* **DIRECTIONS**
Write back, word for word, the lines from the one containing "Brilliant Cut Diamond" to the end of the listing below. Include nothing else, and no pictures.

[Opening INFORMATION SHOWN section]

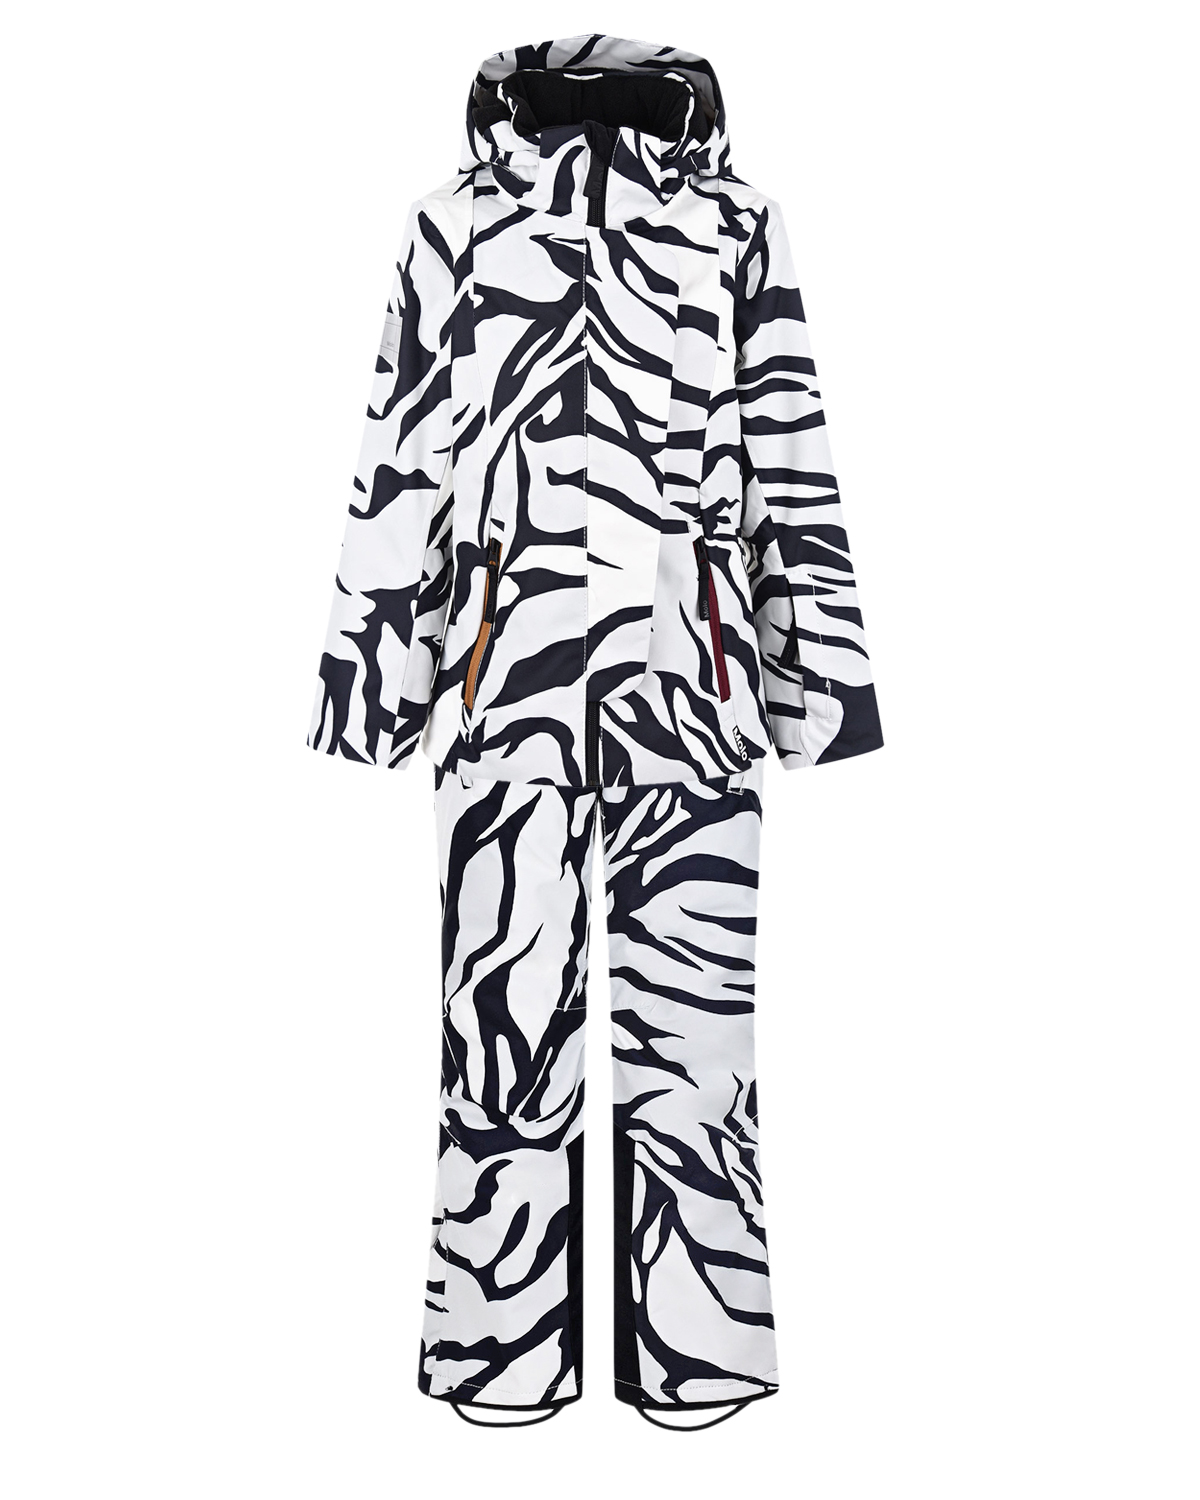 Комплект с принтом "зебра" (куртка, брюки, подтяжки) Molo детский, размер 140, цвет нет цвета
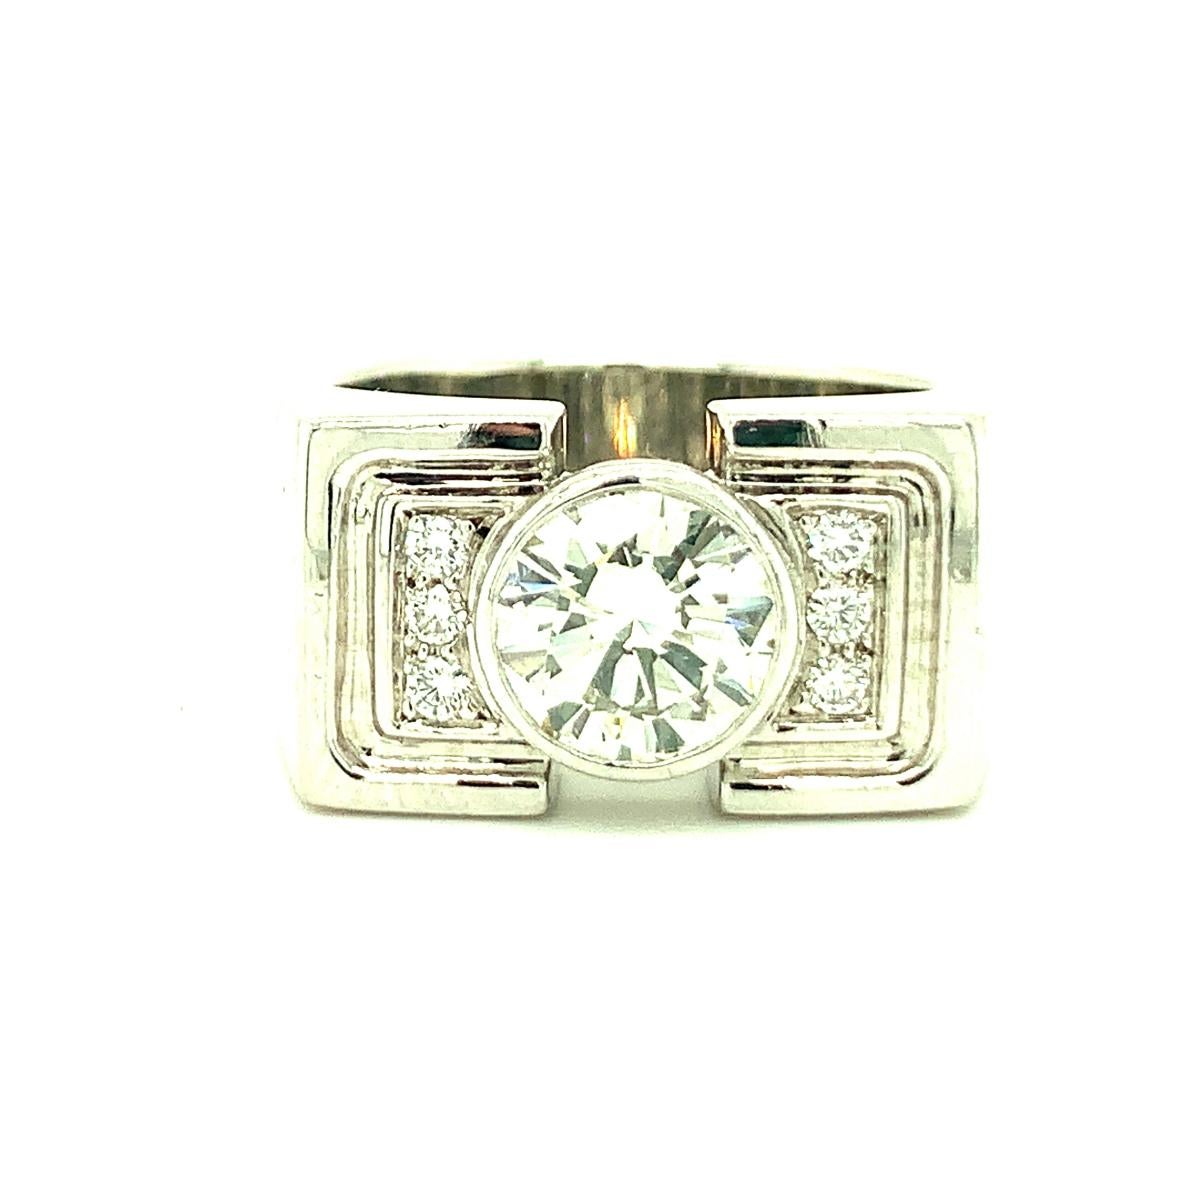 Brilliant Cut Diamond Solitaire Platinum Ring, circa 1960s For Sale
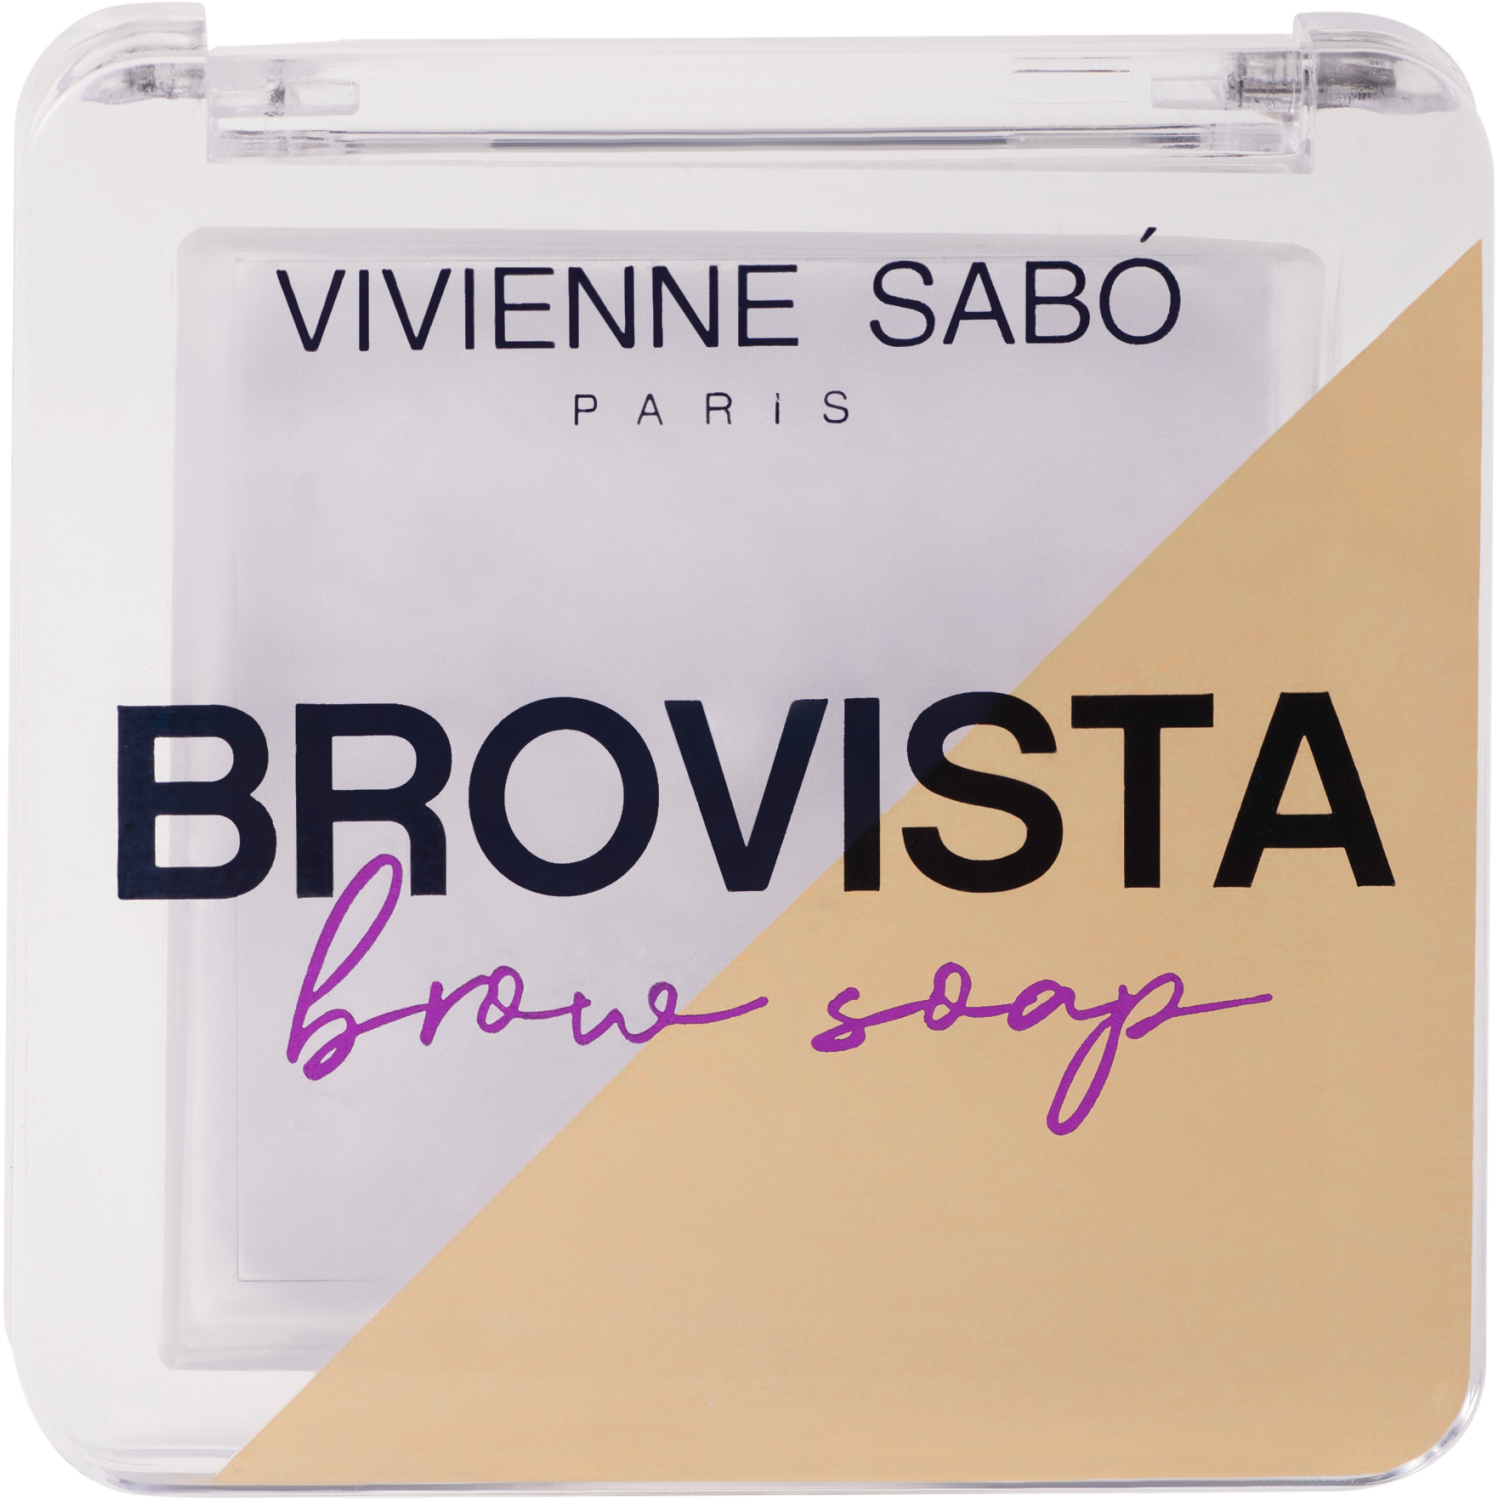 Фиксатор для бровей Vivienne Sabo Brovista brow soap, эффект ламинирования бровей, прозрачно-белесый, 3гр. гель для бровей и ресниц vivienne sabo фиксирующий в ассортименте

[Closing INFORMATION SHOWN section]

* **SOLUTION FOR THIS EXERCISE**
 Brilliant Cut Diamond Solitaire Platinum Ring, circa 1960s For Sale
 Фиксатор для бровей Vivienne Sabo Brovista brow soap, эффект ламинирования бровей, прозрачно-белесый, 3гр. гель для бровей и ресниц vivienne sabo фиксирующий в ассортименте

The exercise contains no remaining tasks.